Director Chris Loveless returns to the Finborough Theatre where his productions include Lullabies of Broadmoor – A Broadmoor Quartet and The Demon Box (Vibrant – A Festival of Finborough Playwrights). London theatre includes Tess of the D’Urbervilles (New Wimbledon Studio), Bel-Ami (Charing Cross Theatre), Diary of a Madman (New Wimbledon Studio and national tour), Five Kinds of Silence (White Bear Theatre), an Evening Standard Critics’ Choice for The Remains of the Day (Union Theatre), a Time Out Critics’ Choice’s for both Moonshadow and The Custom of the Country (White Bear Theatre), Stairway to Heaven for which he was nominated for the OffWestEnd Award for Best Director (Blue Elephant Theatre) and Dracula (White Bear Theatre).

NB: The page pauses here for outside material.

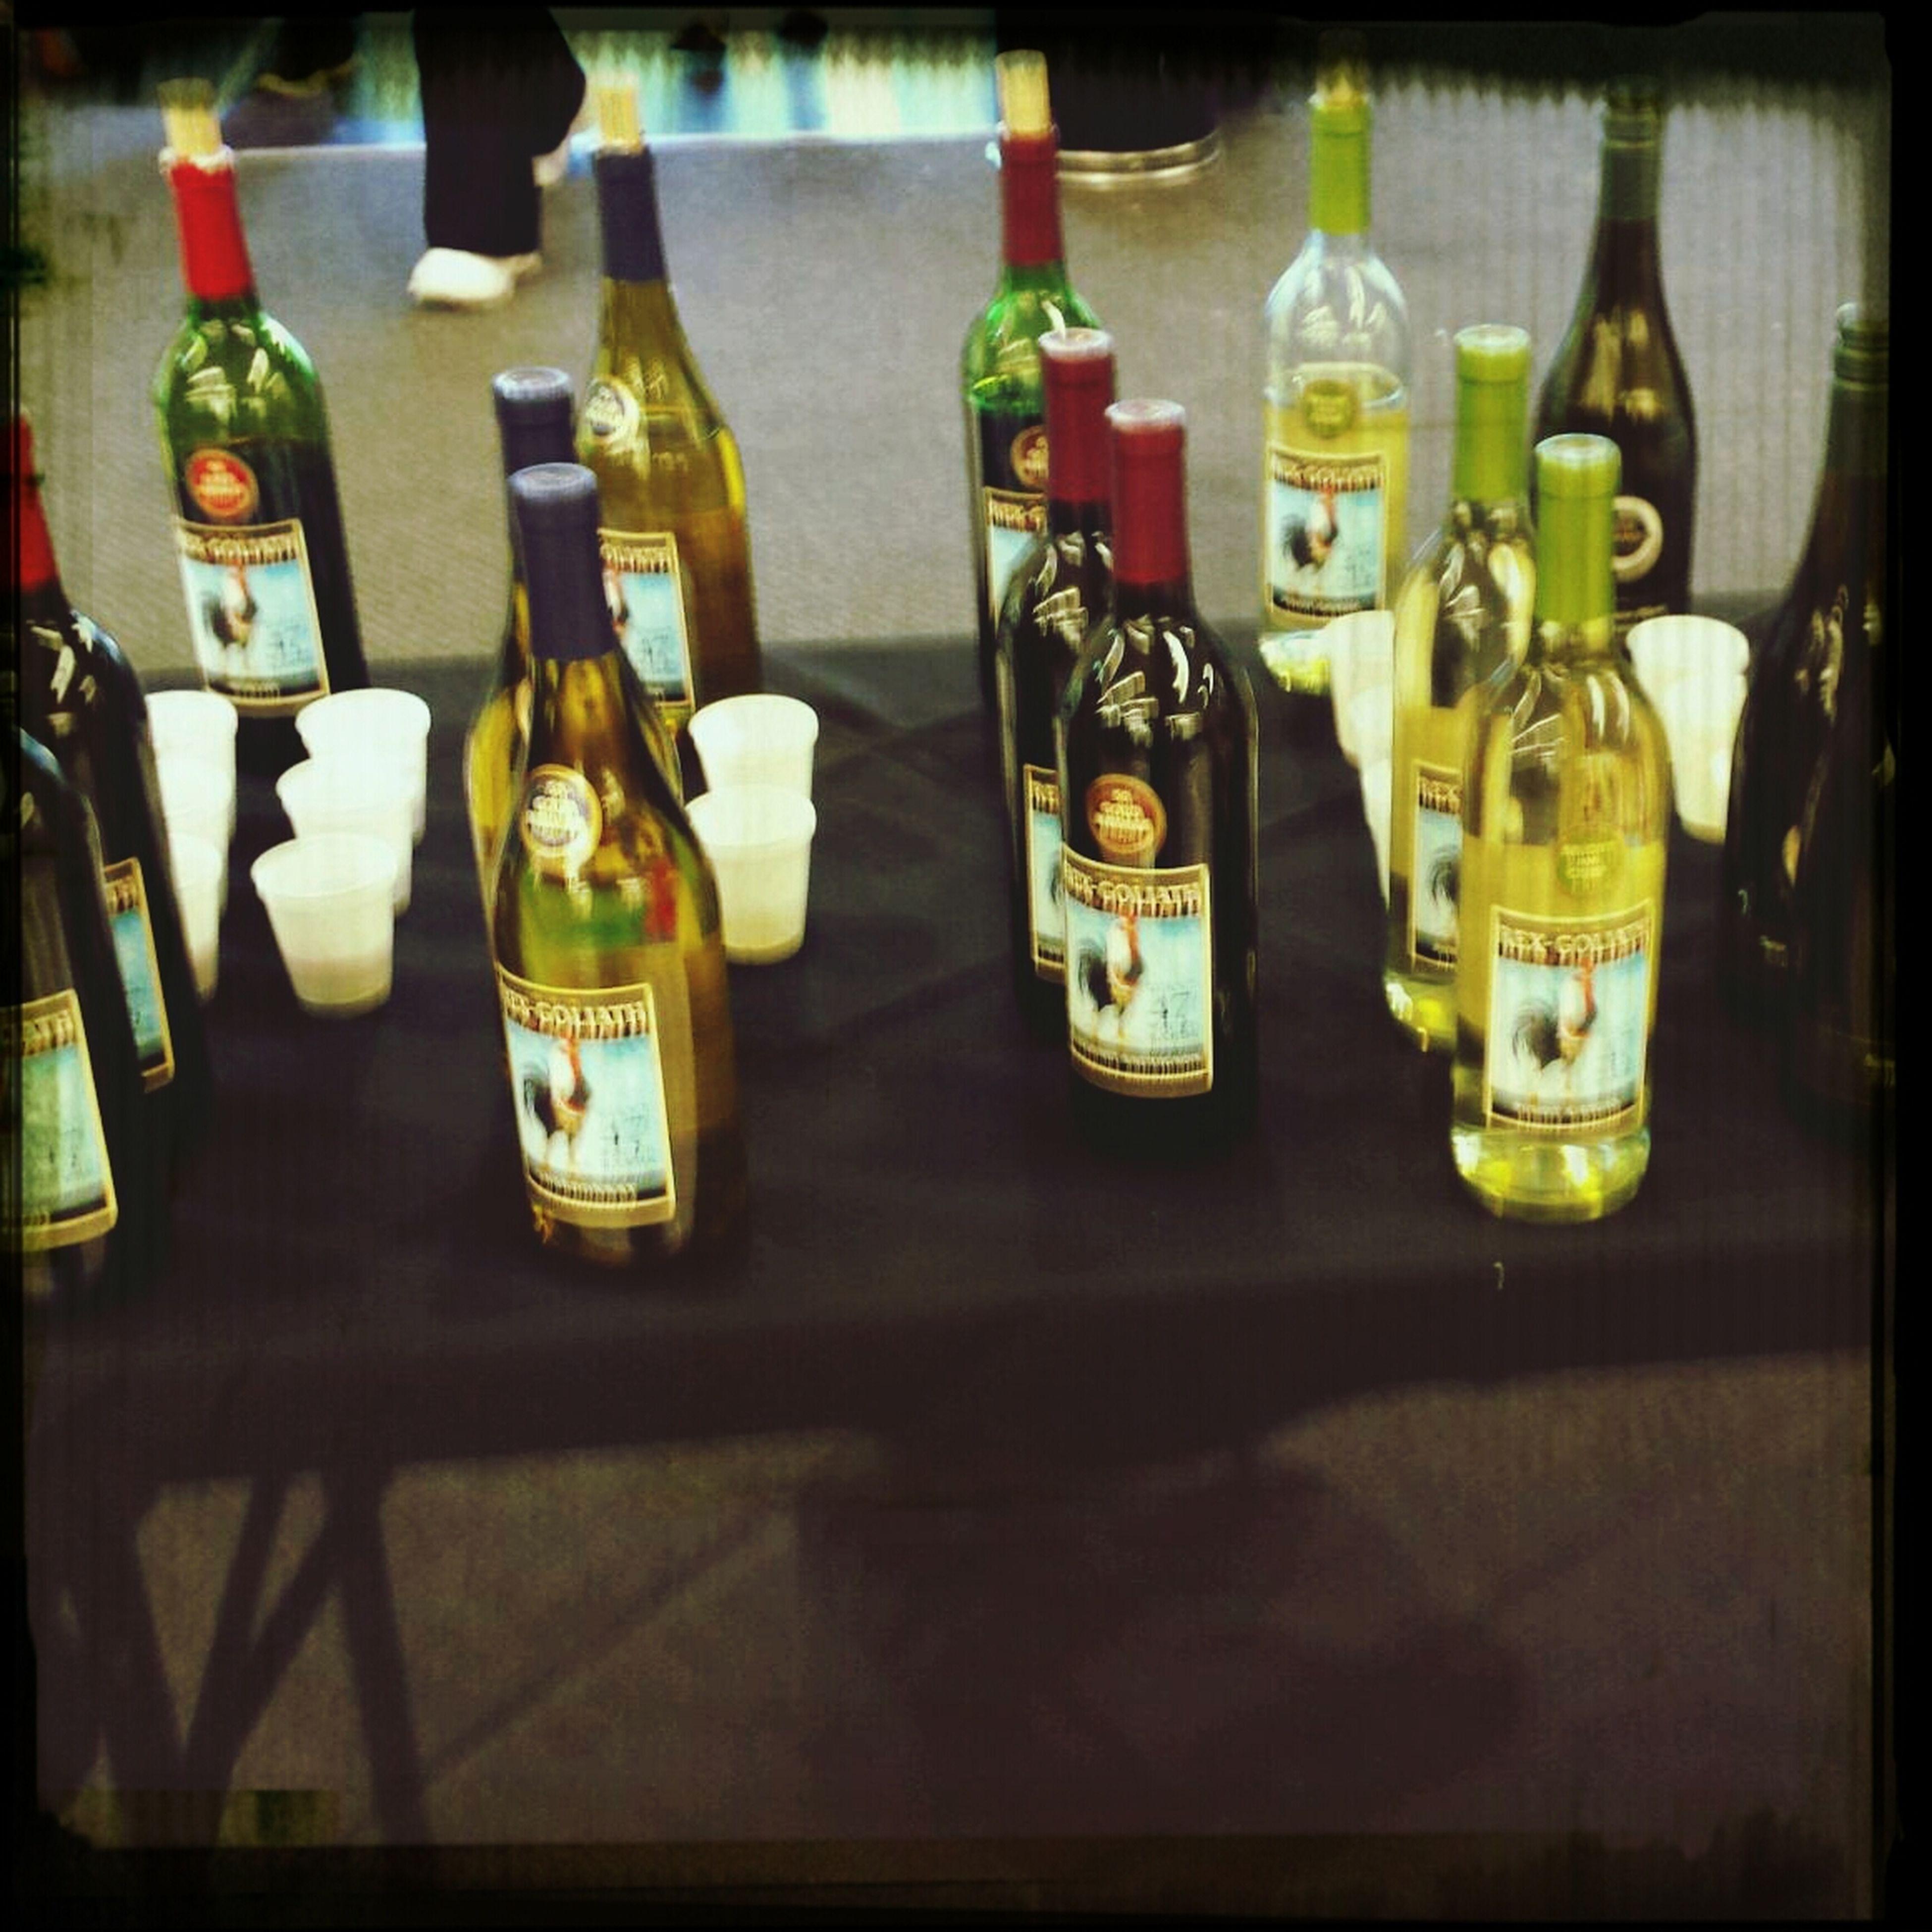 Wine Tasting! Events By Kat Rex Goliath Kim Crawford

Regional and international theatre includes The Beast Will Rise, People are Cats People are Dogs, The Tragicomical 'istory of 'Arry (all Edinburgh Fringe), Ne dis rien a personne (Saint Pierre Lycée, Vichy), Normal(Tobacco Factory, Bristol), Ray Collins Dies On Stage, Dust to Dust (Alma Theatre, Bristol) and 24 Hour Plays (Ustinov Studio, Theatre Royal Bath). He trained at the Bristol Old Vic Theatre School, and is an Associate Director of Stepping Out Theatre, and a former Associate Director of both the White Bear Theatre and The Ashton Group.
 

Stepping Out Theatre are the UK’s leading mental health theatre company working with theatre professionals and mental health service users to put compelling human stories on stage. Their Associate Director Chris Loveless returns to the Finborough Theatre where he directed Stepping Out Theatre’s production of Steve Hennessy’s acclaimed quartet of plays about famous murderers, Lullabies of Broadmoor – A Broadmoor Quartet.